Test Test Coverage Maintainability Code Climate technical debt Updates Python versions Twitter URL

Supports async / await pattern for CPU-bound operations.

Advantage

  1. Support async / await pattern for CPU-bound operations
  2. Free from handling event loop

1. Support async / await pattern for CPU-bound operations

The async / await syntax makes asynchronous code as:

  • Simple
  • Readable

This syntax is not only for I/O-bound but also CPU-bound operations. This package supports Coroutine function to run in ProcessPoolExecutor and returns Awaitable object.

2. Free from handling event loop

asyncio is focusing not CPU-bound but I/O-bound operations. High-level APIs of asyncio doesn't support CPU-bound operations since it works based on not ProcessPoolExecutor but ThreadPoolExecutor. When we want to run CPU-bound operations concurrently with asyncio, we need to use Low-level APIs which need finer control over the event loop behavior.

Application developers should typically use the High-level asyncio functions, such as asyncio.run(), and should rarely need to reference Low-level APIs, such as the Event Loop object or call its methods.
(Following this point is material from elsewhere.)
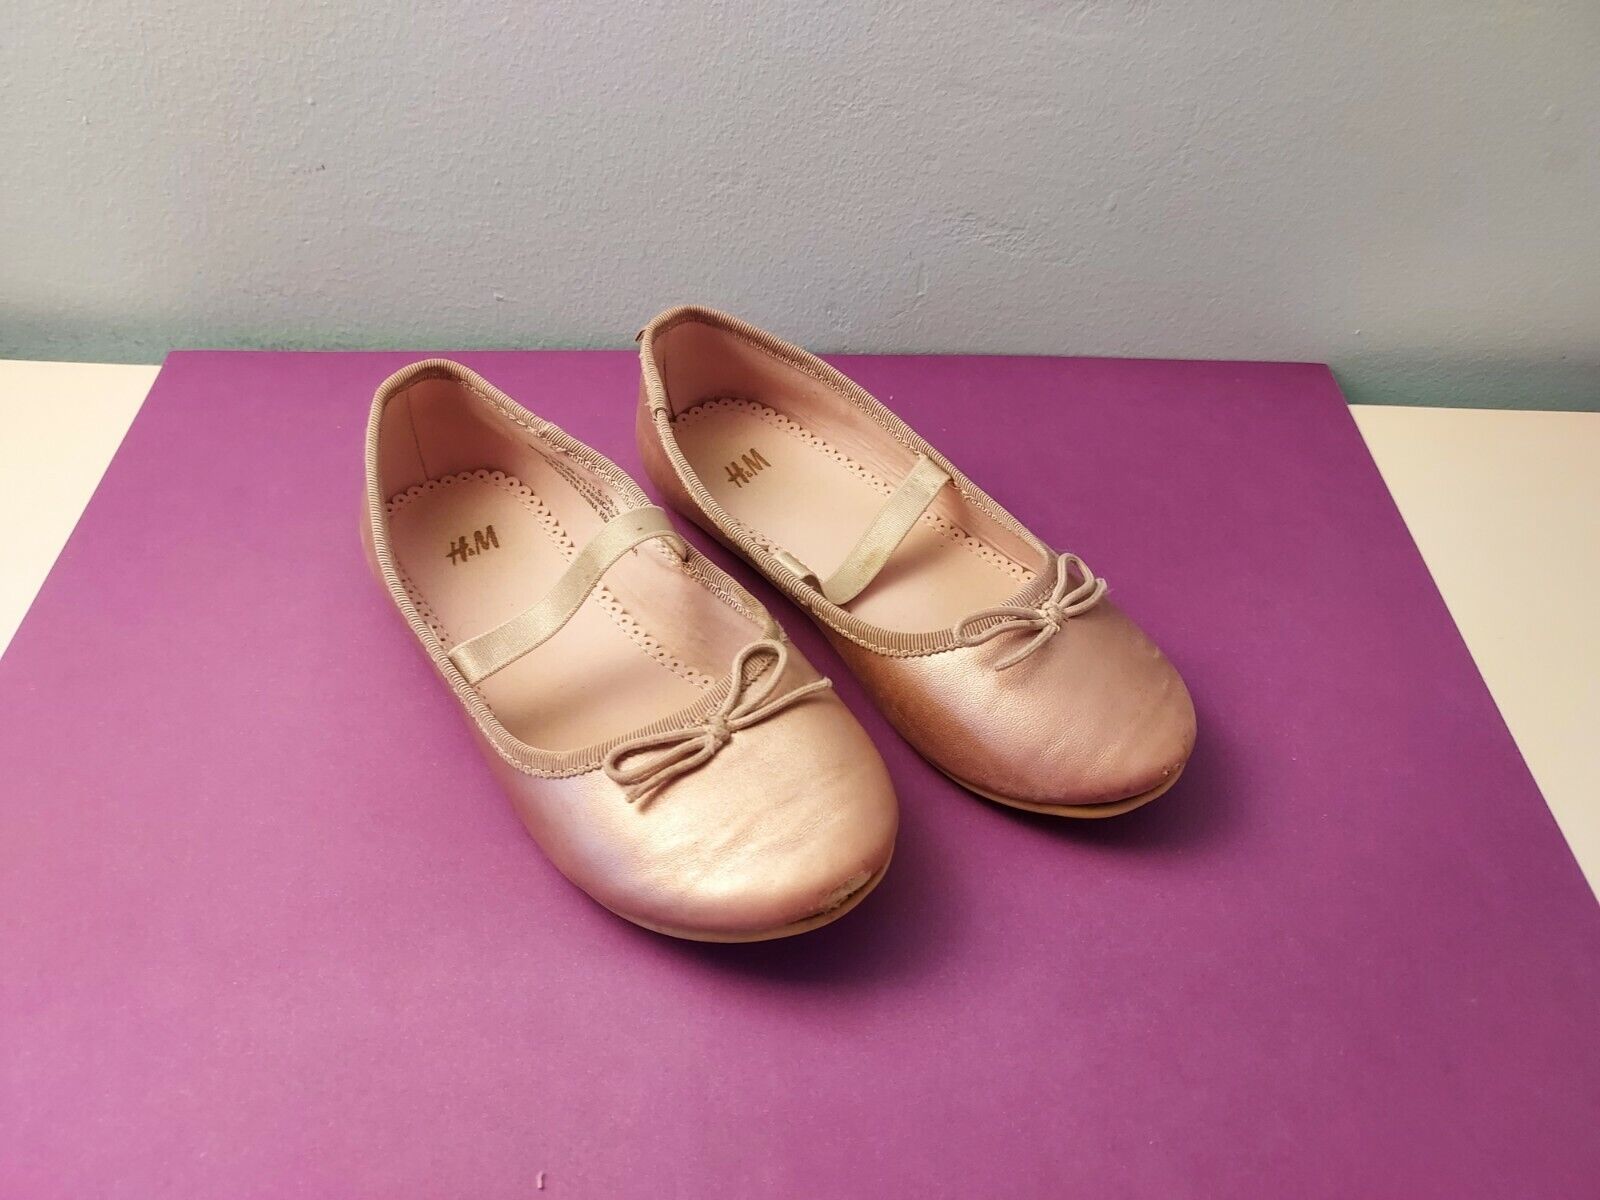 H&M girls shoes flats pink Size UK 11 child (EU 29) Excellent pair of H&M girl eBay

See: Event Loop — Python 3 documentation

Quickstart

1. Install

pip install asynccpu

2. Implement

This package provides ProcessTaskPoolExecutor extends ProcessPoolExecutor, And its instance has the method: create_process_task().

Ex:

import asyncio
from asynccpu import ProcessTaskPoolExecutor


async def process_cpu_bound(task_id):
    """
    CPU-bound operations will block the event loop:
    in general it is preferable to run them in a process pool.
    """
    return f"task_id: {task_id}, result: {sum(i * i for i in range(10 ** 7))}"


with ProcessTaskPoolExecutor(max_workers=3, cancel_tasks_when_shutdown=True) as executor:
    awaitables = {executor.create_process_task(process_cpu_bound, x) for x in range(10)}
    results = await asyncio.gather(*awaitables)
    for result in results:
        print(result)

Note

The argument of Coroutine requires not "raw Coroutine object" but "Coroutine function" since raw Coroutine object is not picklable.

This specification is depend on the one of Python multiprocessing package:

multiprocessing — Process-based parallelism

Note When an object is put on a queue, the object is pickled and a background thread later flushes the pickled data to an underlying pipe.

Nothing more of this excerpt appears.